Esta semana, Juiz de Fora assistiu ao tombamento da casa que faz a esquina das ruas Gilberto de Alencar e Marechal Deodoro, encerrando um dos mais longos processos da pasta. Aberto em 1997, o pedido de preservação do imóvel indicava a urgência da conservação de um casarão que, construído no início do século XX, em estilo eclético, sofreu tantas interferências que passou ao estilo neocolonial. Para o historiador Fabrício Fernandes, da Divisão de Patrimônio Cultural (Dipac) da Funalfa e representante da cadeira de patrimônio no Conselho Municipal de Cultura, o recurso do Google é um aliado para o pensamento da memória. No cotidiano do setor responsável pelas políticas públicas acerca do patrimônio cultural do município, o Street View, segundo Fernandes, é imprescindível. É nele que são feitas consultas anteriores às vistorias.

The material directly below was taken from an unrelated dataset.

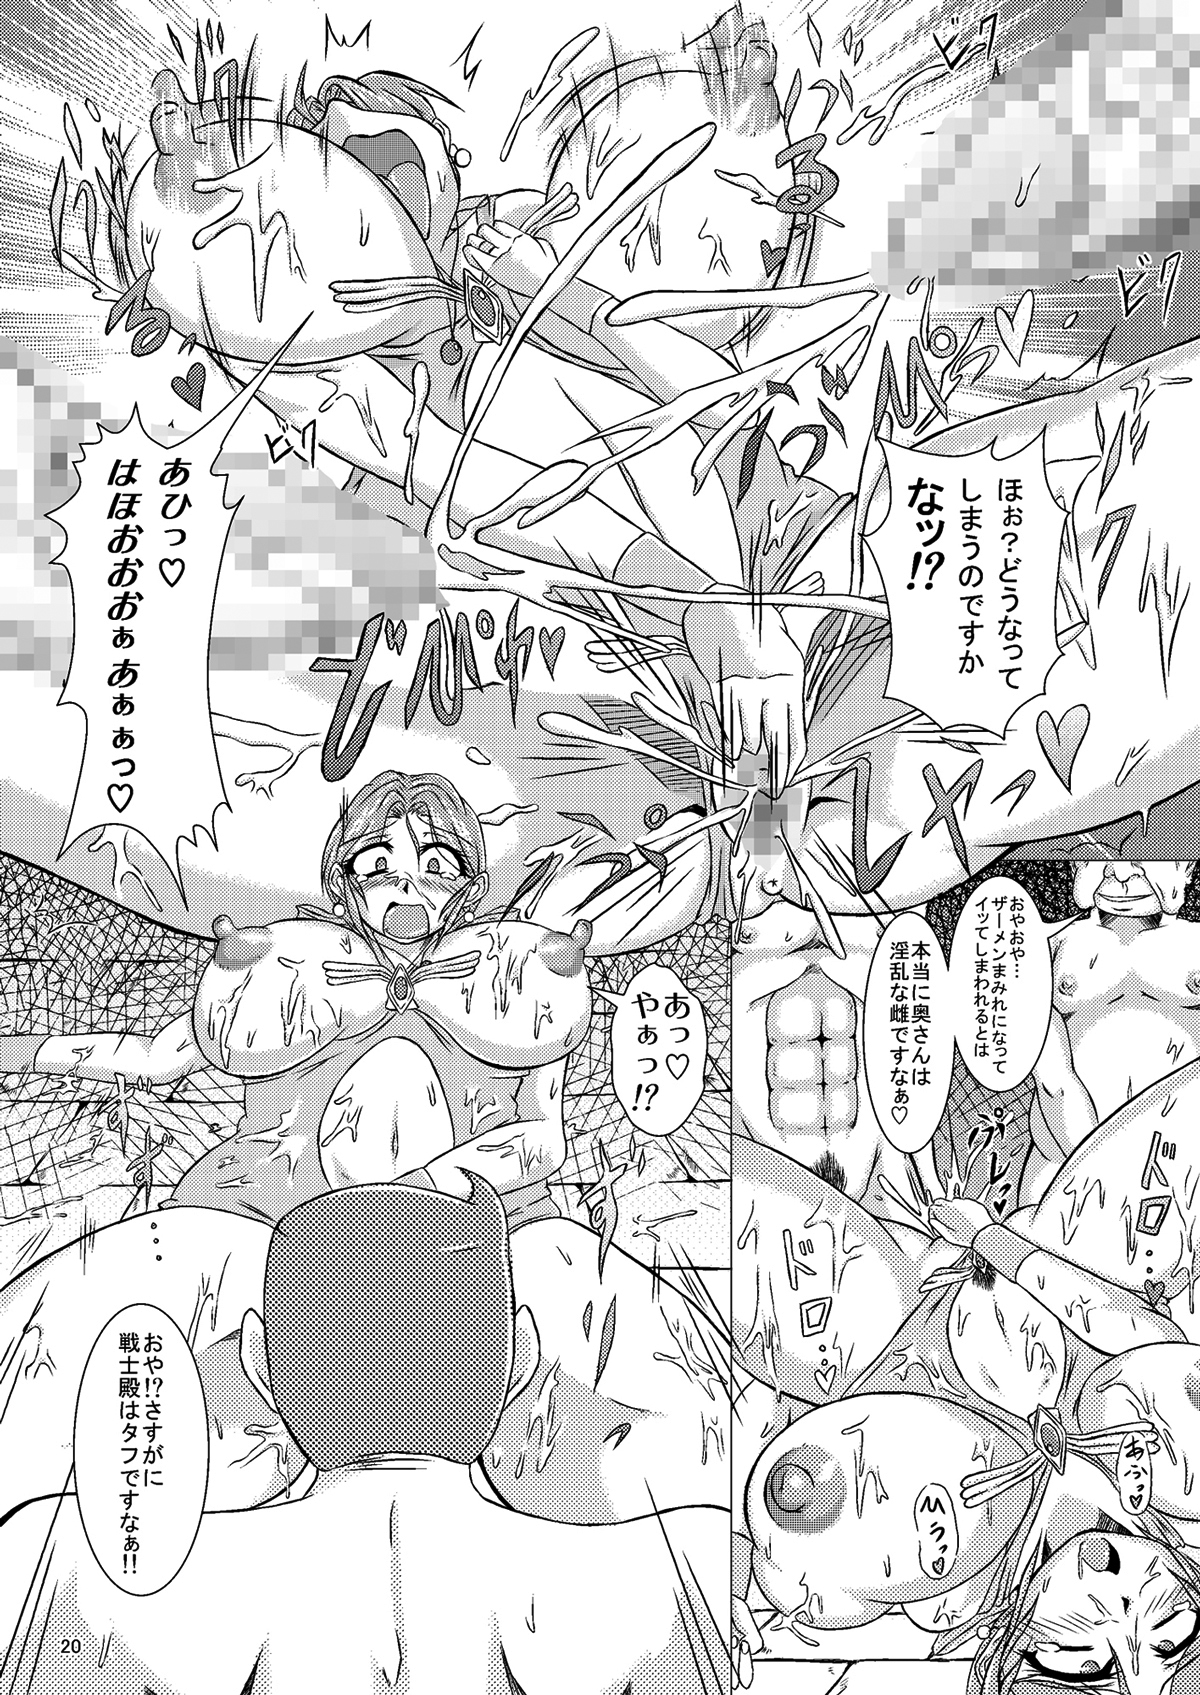 (CT14) [Pintsize (Yakusho)] Torneko-fujin Nene (35)  Danna wa Shiranai Yoru no Hustle Eigyou (Dragon Quest IV) page 20 full

No Google Maps, serviço de pesquisa e visualização de mapas e imagens de satélite, estão cadastrados todos os mais de 180 bens imóveis tombados em Juiz de Fora. “Discutimos que seria muito interessante encontrarmos uma forma para disponibilizar isso ao público”, pontua o historiador, ressaltando que, atualmente, a cidade possui mais de mil imóveis inventariados, ferramenta que não tem o peso da proteção, listados no site da Prefeitura. “Eles não estão ordenados de forma convidativa. Imagino que muitos deles não existem mais, mas se estivessem georreferenciados, seriam mais interessante para que as pessoas observassem as mudanças na cidade”, destaca Fernandes.